Insulin: hormone regulating sugar metabolism – it allows sugar to enter cells to be used for energy.
Beta cells: cells in the pancreas that produce and release insulin.
Insulin response: the dance of insulin and glucose:
- You eat something; glucose enters your bloodstream.
- Beta cells do two things (in this process):
- Release their stored insulin to handle current glucose needs.
- Ramp up insulin production for future glucose needs.
- Glucose goes down.
- Beta cells respond by reversing course – they:
- Slow or stop releasing their stored insulin.
- Ramp down insulin production.
And so it goes – up, down, up, down…
Why We Need a Type 1 Diabetes Breakthrough
The beta cells are attacked, damaged, and often destroyed, usually by the diabetic’s own immune system. Without enough (or in some cases, any) beta cells, there isn’t enough insulin to handle the normal ebb and flow of glucose. And even when the diabetic takes insulin, it’s impossible to have the same subtle, nuanced, and well-timed response the body does.
And Now We Have a Type 1 Diabetes Breakthrough
And it’s a doozy. This is the first part of a two-pronged approach to restoring beta cells to the diabetic’s own body.

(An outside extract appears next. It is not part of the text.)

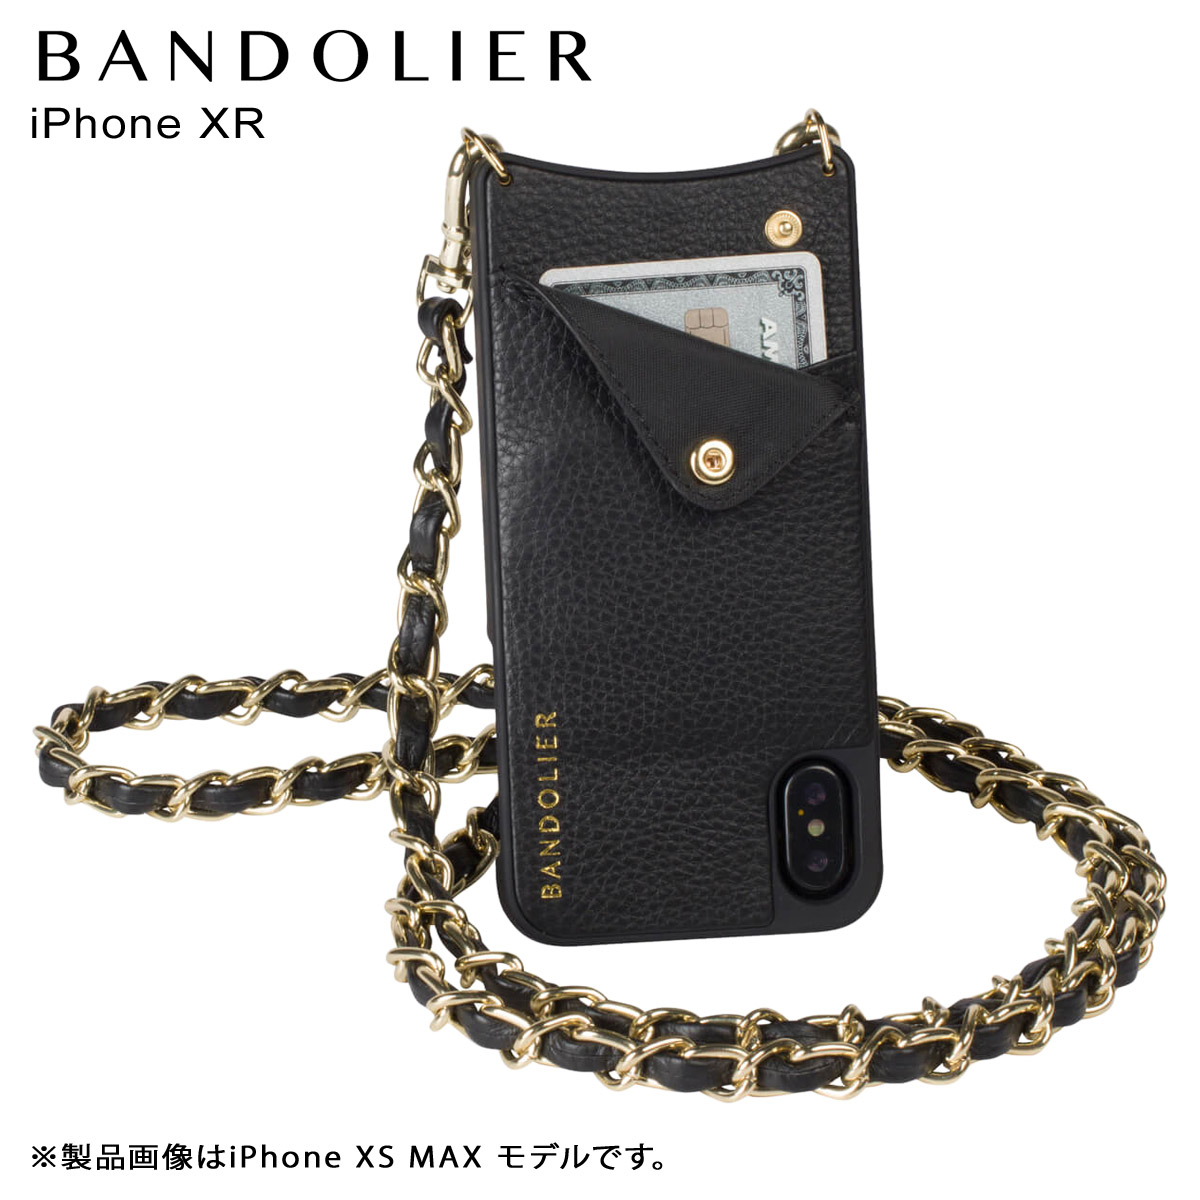 BANDOLIER バンドリヤー iPhone XR ケース スマホ 携帯 ショルダー アイフォン レザー LUCY GOLD メンズ レディース ブラック 10LCY1001

This part involved developing a substance to use as a substrate that can be seeded with healthy beta cells from a donor. And it needed to be able to pass the body’s immune system (so the immune system wouldn’t attack it). And they did it!
In tests on mice, the substrate (seeded with healthy beta cells) stood up to the host’s immune system. And the mice started pumping out their own insulin. Their glucose normalized, and their survival improved!
Next step: developing the immune-resistant beta cells themselves.